This morning I had homemade Irish soda bread and strawberry jam for breakfast. I'd show you a picture, but I already ate it up.
My daughter decided a couple of months ago to bake a fresh loaf of bread once a week, and she's been keeping up the habit. Each week she picks a different recipe to try, and some varieties we've enjoyed are onion buns, Russian black bread, focaccia, braided challah, and this week, a quick Irish soda bread.
She's gone from someone who wants to bake bread to someone who does bake bread. Each week she tells me she learned something new, either about ingredients, techniques, storage, or how to handle our less-than-perfect oven. She told me, "Mom, it's so easy!"

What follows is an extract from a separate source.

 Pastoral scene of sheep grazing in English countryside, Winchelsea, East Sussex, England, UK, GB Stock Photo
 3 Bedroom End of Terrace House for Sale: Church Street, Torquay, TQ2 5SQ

Yes, it's easy and it's also not easy. There are plenty of reasons why a bread-baking habit is difficult in modern big-city life, but she made the habit easy on herself when she decided to try one loaf a week, and she made it easy on herself by creating an enjoyable environment.

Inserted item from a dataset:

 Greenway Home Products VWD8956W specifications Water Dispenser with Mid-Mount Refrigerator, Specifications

I doubt she purposely said, "I'm going to create an atmosphere for success," but that's what her actions did. She picks her recipe in advance and shops for any missing items. On baking day, she wakes up early to have the kitchen to herself (we have a tiny kitchen), she plays music she enjoys, and she wears an adorable apron (a key to success in the kitchen is a cute apron, of course!)
She didn't try to keep the family in a constant supply of freshly baked bread, though her family would certainly enjoy that, but sticks to one loaf a week that she looks forward to baking. Slow and steady, she has become a bread baker who knows what she's doing and who wants to learn more.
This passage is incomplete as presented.